One fully-connected layer with 128 perceptrons

One output layer with 65 perceptrons


### Reference
* [Professor Long Chen's Github page including all necessary codes for generating Reversi data in Matlab](https://github.com/lyc102/reversi).
* [Reversi - Wikipedia](https://en.wikipedia.org/wiki/Reversi).
* [Learning to Play Othello with Deep Neural Networks](https://arxiv.org/pdf/1711.06583.pdf).

## Install and import relevant packages

In [339]:
import numpy as np
import matplotlib.pyplot as plt
from sklearn.model_selection import train_test_split  # validation

# for constructing CNN
from keras.utils import to_categorical                # one-hot encode target column
from keras.models import Sequential
from keras.layers import Dense, Dropout, Flatten
from keras.layers import Conv2D, MaxPooling2D
from keras.losses import categorical_crossentropy
from keras.optimizers import Adadelta

## Data Preparation

In [341]:
reversi = np.loadtxt('reversi_data.txt').reshape(-1, 64)   # Reversi data
move = np.loadtxt('next_move.txt')                         # next move
valid = np.loadtxt('valid_moves.txt').reshape(-1, 64)      # next valid moves

reversi_t = np.loadtxt('reversi_data_test.txt').reshape(-1, 64)   
move_t = np.loadtxt('next_move_test.txt')                         
valid_t = np.loadtxt('valid_moves_test.txt').reshape(-1, 64)      

In [297]:
def player(data, valid, label, turn='black'):
    '''Return a tuple of three numpy arrays containing the reversi data for the specified player.
    turn -- 'black' or 'white' '''
    if turn == 'black':
        cond = np.where(label>=0)[0]
        idx = [i for i in cond if i%2==0]
        return (data[idx], valid[idx], label[idx])
    
    elif turn == 'white':
        cond = np.where(label<=0)[0]
        idx = [i for i in cond if i%2==1]
        return (data[idx], valid[idx], label[idx])
    
    else:
        raise Exception('Please enter either black or white.')
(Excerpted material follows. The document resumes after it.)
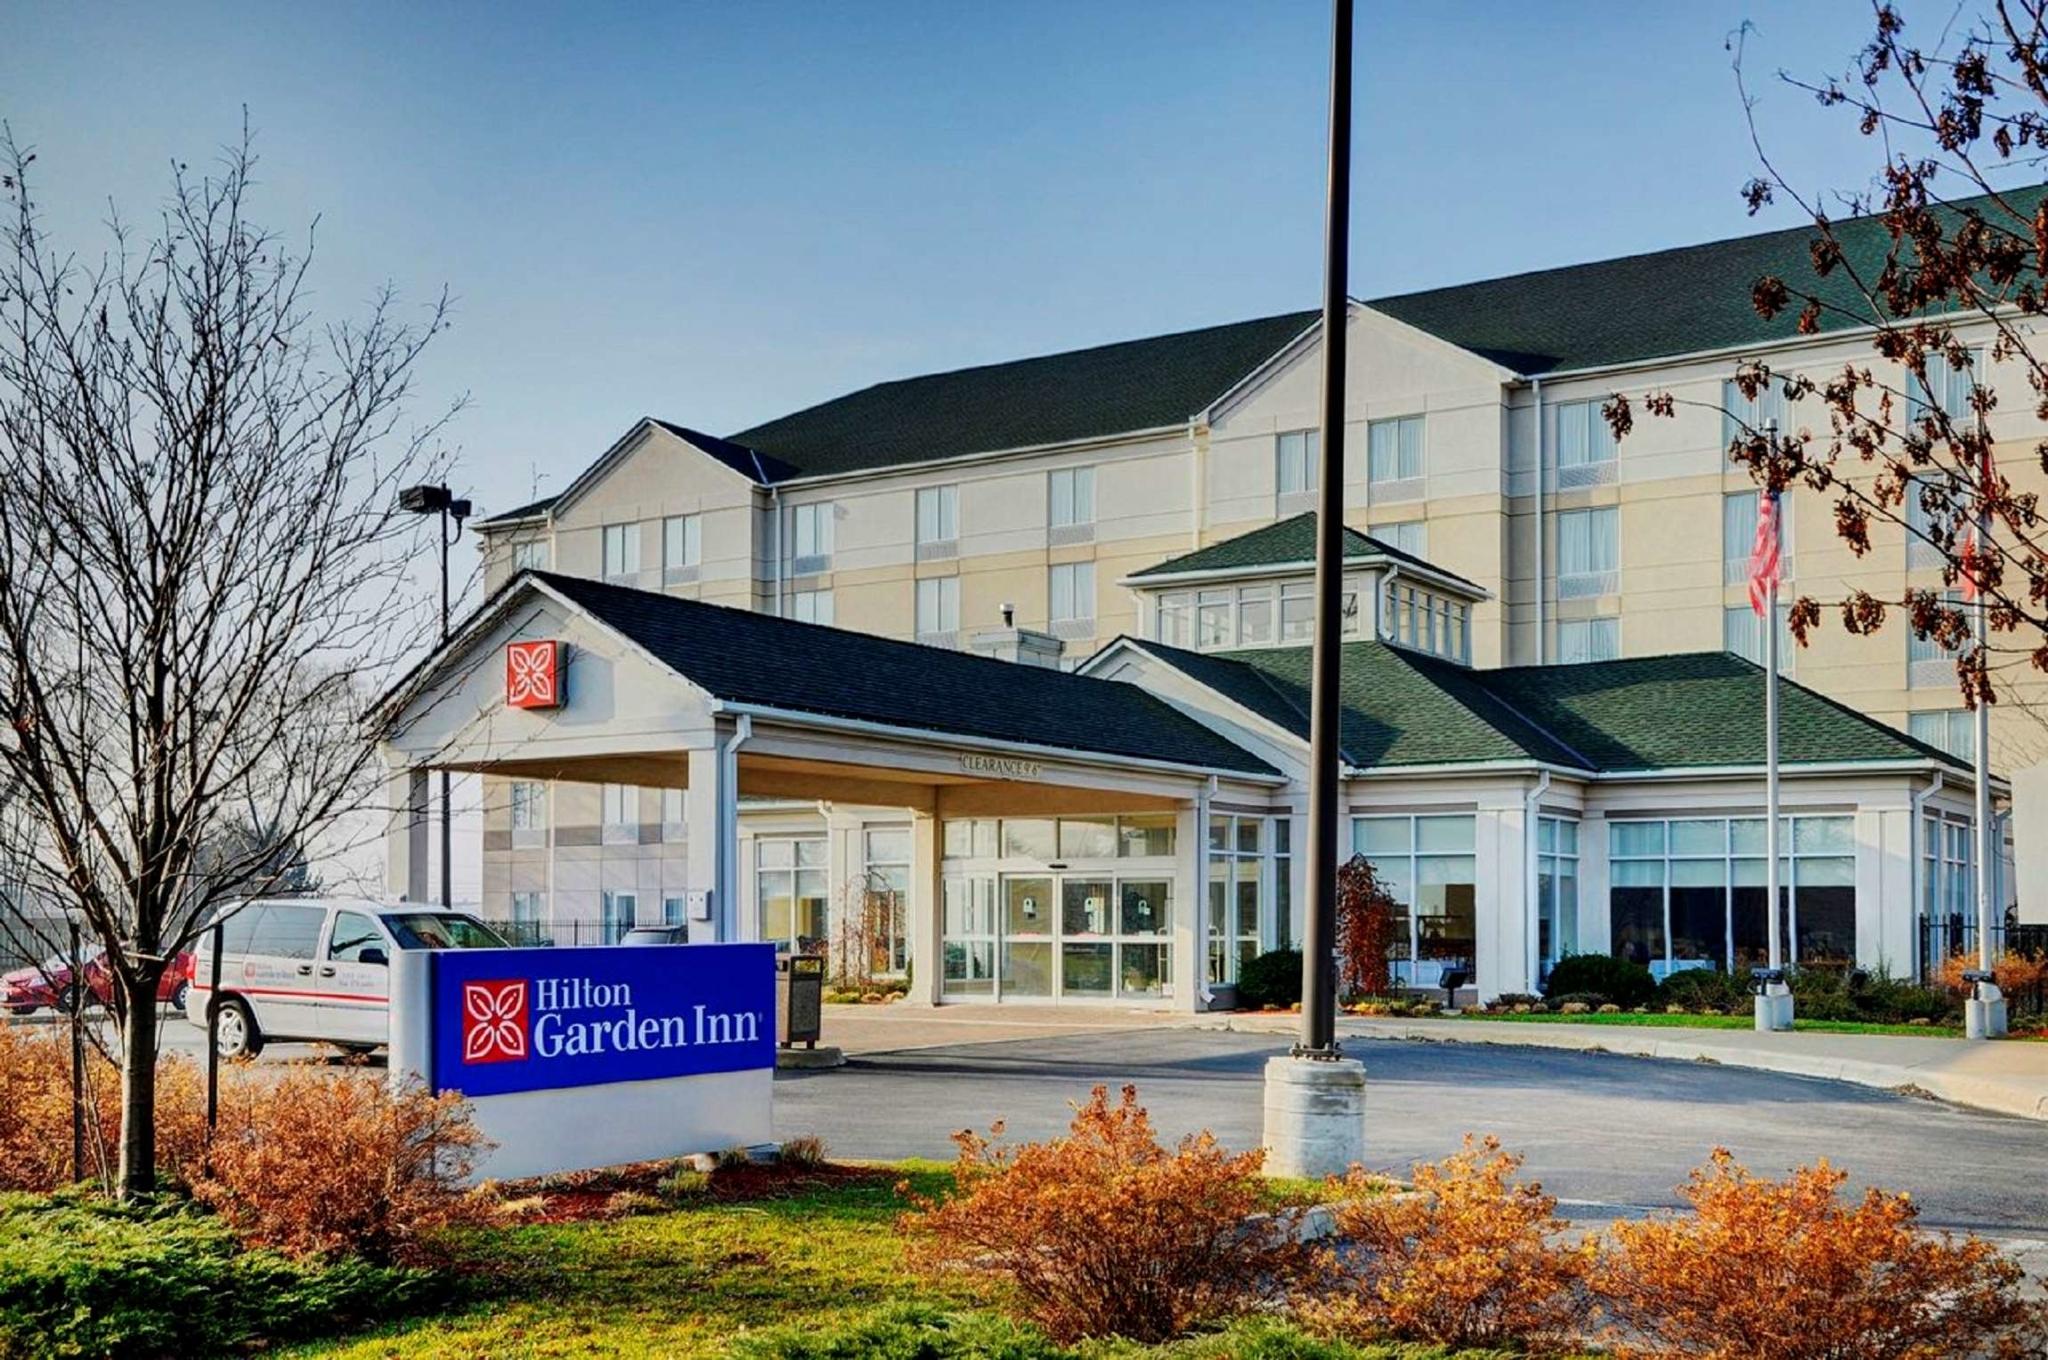 Hilton Garden Inn Kitchener/Cambridge - Hotels

def black_and_white(data):
    '''Return a tuple of numpy array that separate black pieces from white pieces.
    input -- the reversi data.'''
    black = np.zeros(data.shape)
    white = np.zeros(data.shape)
    
    black = (data==1.0)*1.0
    white = (data==-1.0)*1.0
    return (black, white)


def concatenate(black, white, valid_moves):
    '''Return a 4d array for training CNN model.'''
    n = black.shape[0]   # n rows
    black = black.reshape(n, 8, 8, 1)
    white = white.reshape(n, 8, 8, 1)
    valid_moves = valid_moves.reshape(n, 8, 8, 1)
    
    return np.concatenate((black, white, valid_moves), axis=3)

In [343]:
# --------------- training set -----------------------
game, v_moves, n_moves = player(reversi, valid, move)   # v_moves -- valid moves; n_move -- next moves
black, white = black_and_white(game)                    # split each board into only black and only white

train = concatenate(black, white, v_moves)              # training data
y_train = to_categorical(n_moves)                             # labels

# ---------------- test set --------------------------
game_t, v_moves_t, n_moves_t = player(reversi_t, valid_t, move_t)
black_t, white_t = black_and_white(game_t)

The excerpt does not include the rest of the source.